Personal information
- Born: December 31, 1972 Tokyo, Japan
- Died: September 2, 2021 (aged 48) Hacienda Heights, California, U.S.

Professional wrestling career
- Ring name(s): Charlie Chan Keiji Sakoda Keiji Sakota Quick Cook Lee Ryan Sakoda Ryu Sakoda Sakoda Vapor
- Billed height: 1.83 m (6 ft 0 in)
- Billed weight: 110 kg (243 lb)
- Billed from: Tokyo, Japan
- Trained by: Bill Anderson Jesse Hernandez
- Debut: 1998
- Retired: 2007

= Ryan Sakoda =

Japanese professional wrestler (1972–2021)

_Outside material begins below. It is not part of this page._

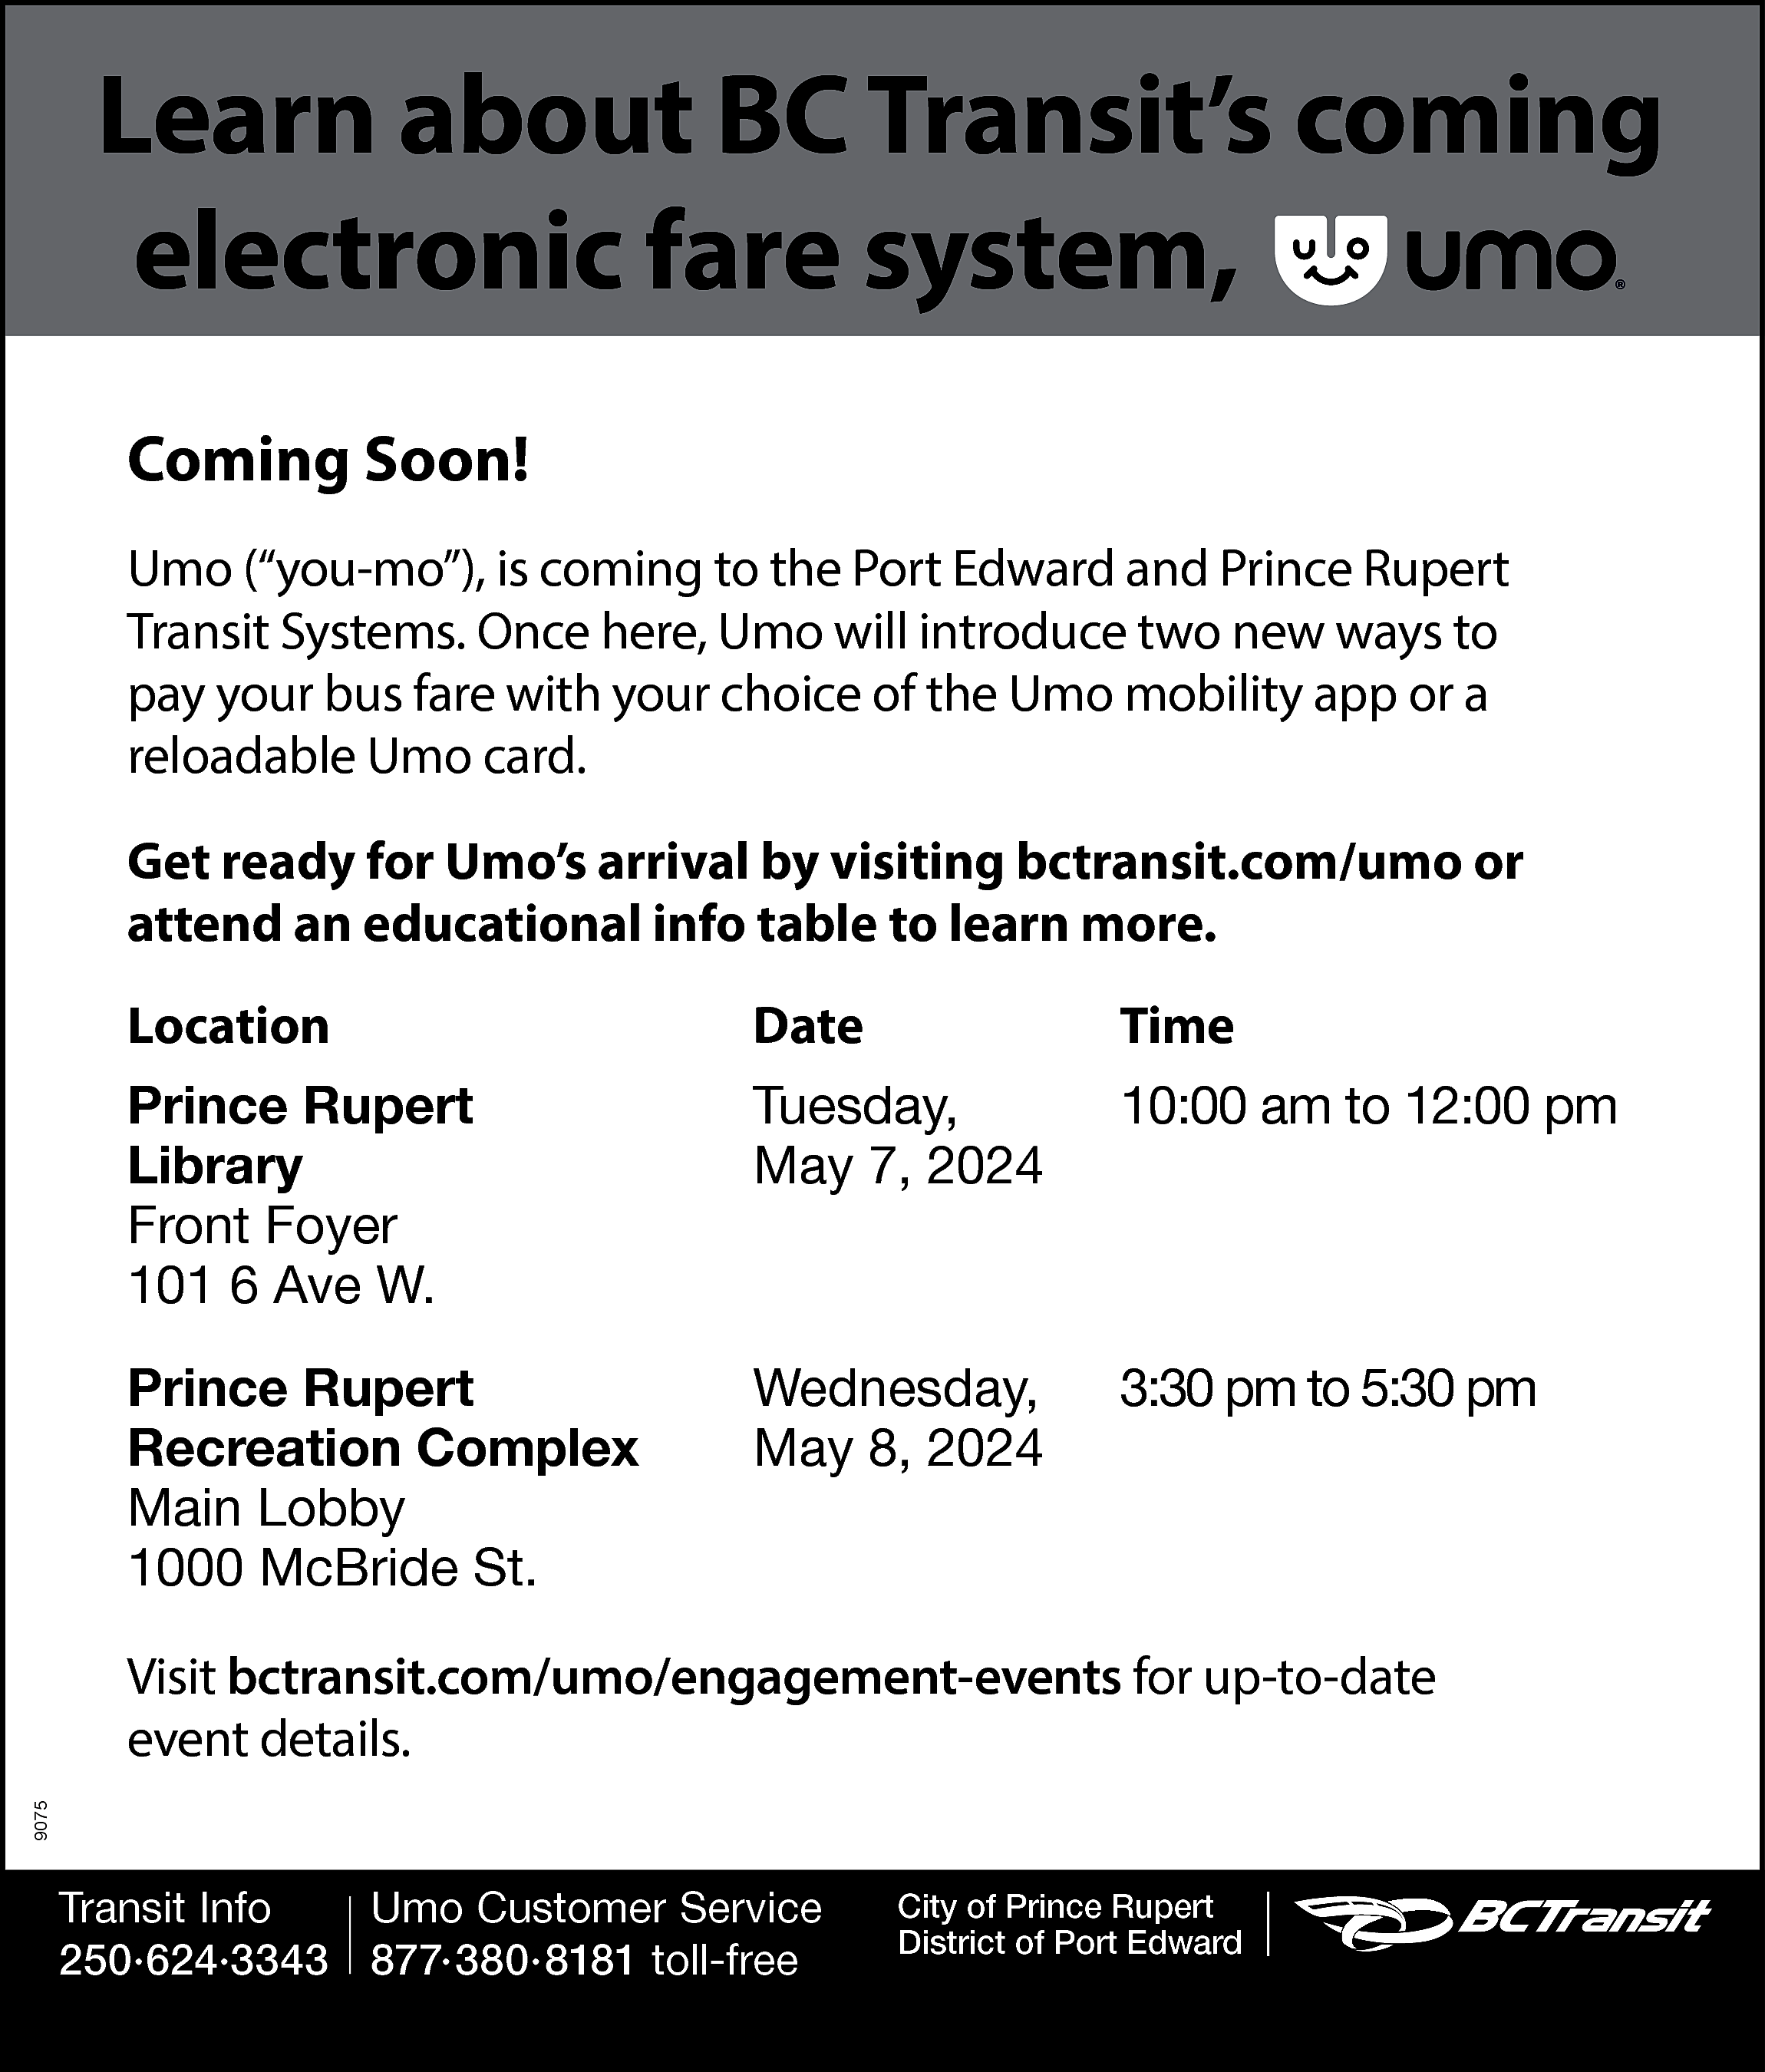 Learn about BC Transit’s coming  Learn about BC Transit’s coming  electronic fare system,  Coming Soon!  Umo (“you-mo”), is coming to the Port Edward and Prince Rupert  Transit Systems. Once here, Umo will introduce two new ways to  pay your bus fare with your choice of the Umo mobility app or a  reloadable Umo card.  Get ready for Umo’s arrival by visiting bctransit.com/umo or  attend an educational info table to learn more.  Location    Date    Time    Prince Rupert  Library  Front Foyer  101 6 Ave W.    Tuesday,  May 7, 2024    10:00 am to 12:00 pm    Prince Rupert  Recreation Complex  Main Lobby  1000 McBride St.    Wednesday,  May 8, 2024    3:30 pm to 5:30 pm    9075    Visit bctransit.com/umo/engagement-events for up-to-date  event details.  Transit Info  Umo Customer Service  250·624·3343 877·380·8181 toll-free    City of Prince Rupert  District of Port Edward    

Ryan Keiji Sakoda (December 31, 1972 – September 2, 2021) was a Japanese American professional wrestler. He was best known for his appearances in WWE and later Ultimate Pro Wrestling as a part-time trainer for the wrestlers, as well as working in the independents under his real name.

==Professional wrestling career==
===Early career (1998–2003)===
Before coming to WWE, Sakoda had a successful stint in the NWA Zero-One promotion in Japan, stemming from his appearances for Ultimate Pro Wrestling. During this time Sakoda often filled in as an instructor at UPW's Ultimate University, while wrestling as part of the faction Team Emblem with Japanese superstars Masato Tanaka and Shinjiro Otani.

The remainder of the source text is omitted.